Closed Yablon closed 4 years ago
@Yablon You can specify encoder=EncoderV1WithAccentType
as a hparam.
https://github.com/nii-yamagishilab/self-attention-tacotron/blob/master/hparams.py#L62
You can find EncoderV1WithAccentType
here.
https://github.com/nii-yamagishilab/self-attention-tacotron/blob/master/modules/module.py#L230
Note that EncoderV1WithAccentType
receives two inputs, phoneme sequence and accentual type sequence. The accentual type sequence must be aligned with the phoneme sequence. I think you can use the same scheme for Chinese accent.

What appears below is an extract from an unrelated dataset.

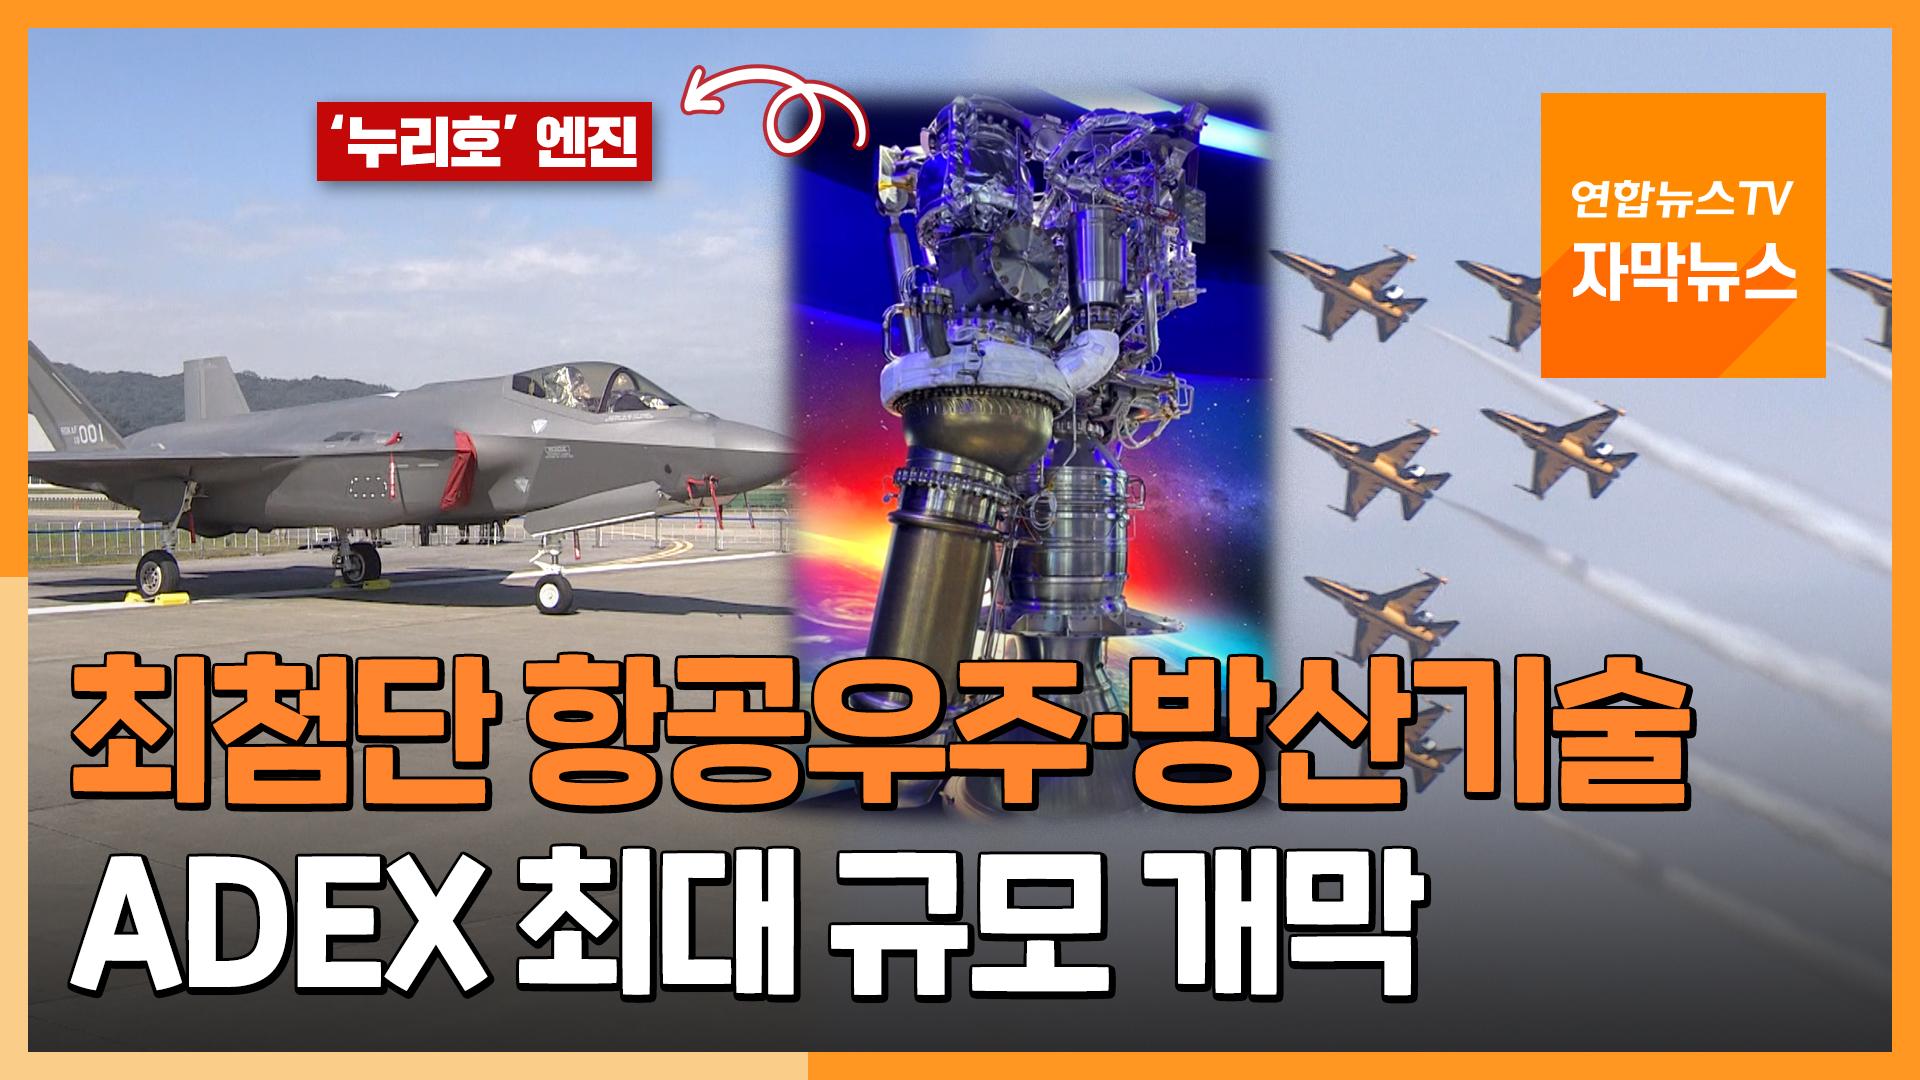 [자막뉴스] 한국형 무기·누리호 심장…ADEX 최대 규모 개최
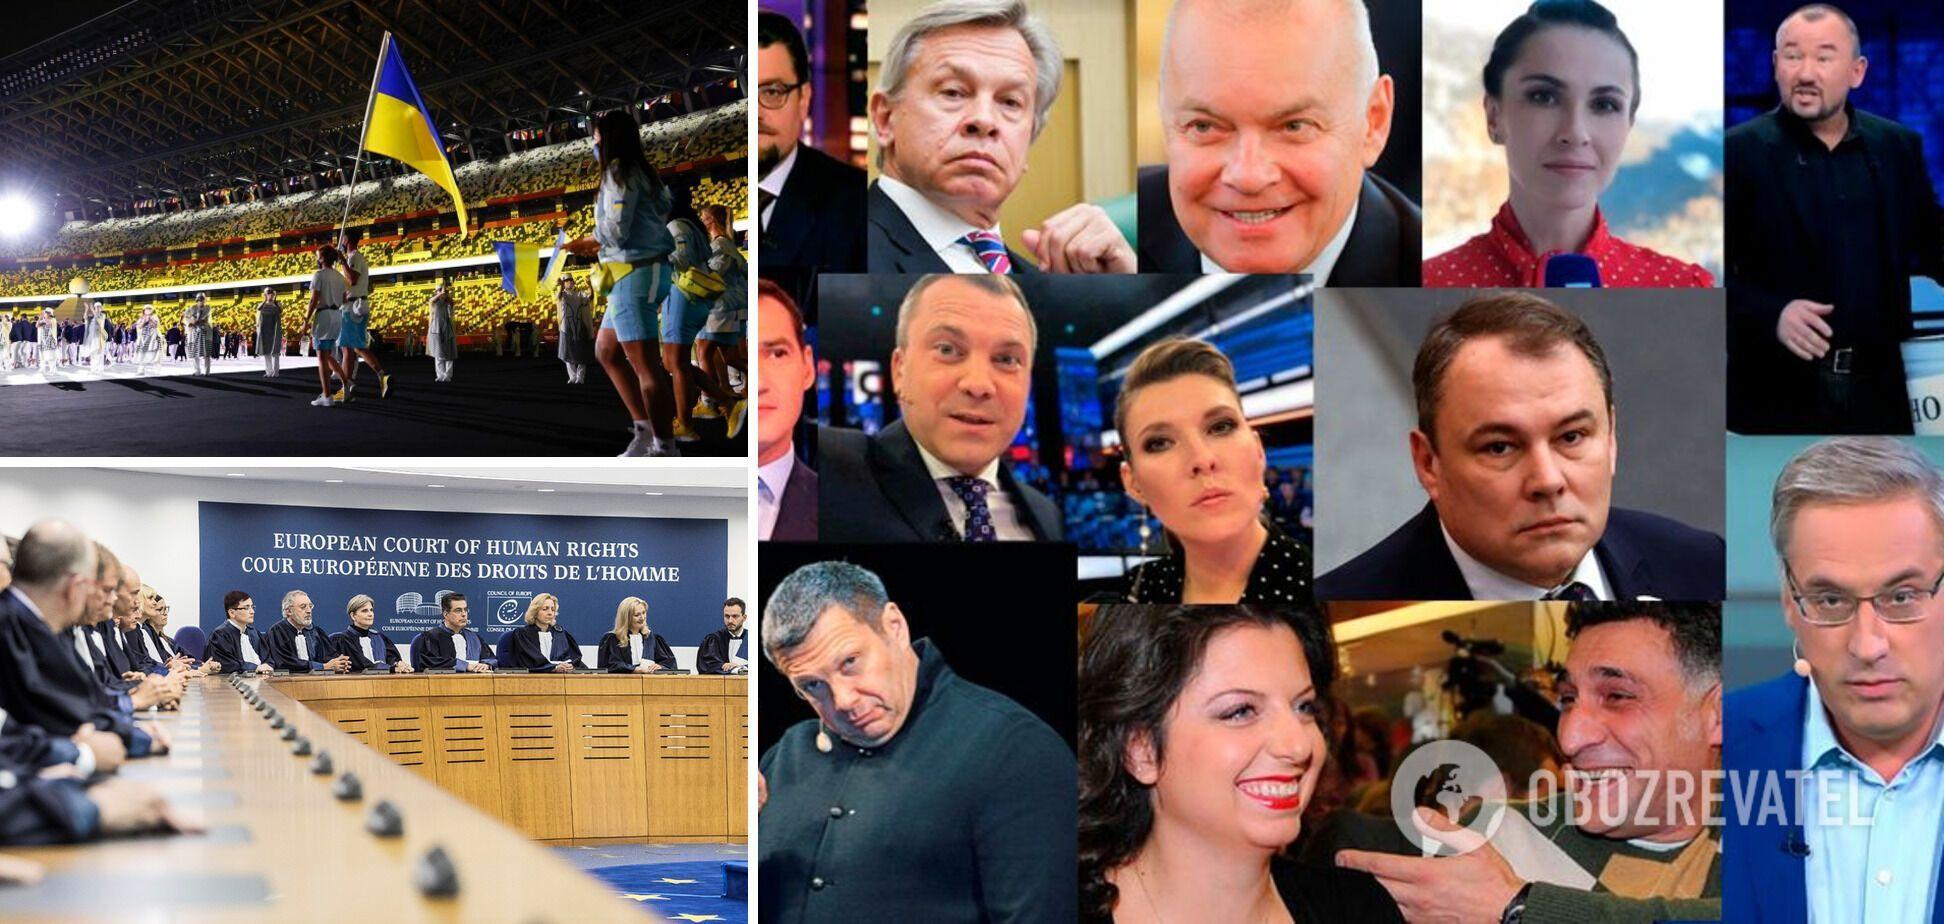 От ЕСПЧ - до Олимпиады: Путин только начинает свою игру с Украиной

hparams.py has use_accent_type=True
option to enable accent embedding.
https://github.com/nii-yamagishilab/self-attention-tacotron/blob/master/hparams.py#L53
You can find how a model use accentual type here. It obtains accent via features.accent_type
which comes from datasets. It means you have to develop a dataset code for your Chinese corpus.
https://github.com/nii-yamagishilab/self-attention-tacotron/blob/master/models/models.py#L309-L310
I think you can develop your dataset based on VCTK example. It has additional attributes like speaker_id. You can add Chinese accent label as well. Accent label is ID sequence, so its implementation will be similar to source
attribute.
https://github.com/nii-yamagishilab/self-attention-tacotron/blob/master/datasets/vctk/dataset.py#L28-L37
I found a problem with ExtendedTacotronV1Model regarding accent. I will fix it in a moment. https://github.com/nii-yamagishilab/self-attention-tacotron/issues/25
@TanUkkii007 Thank you for you reply ! I will read your guide and try your encoder.
Hello, I am studying on how to synthesis Chinese audios, which is similar to Japanese on pitch accents. I am curious what kind of data should I prepare to train the model with pitch accents ? Thank you !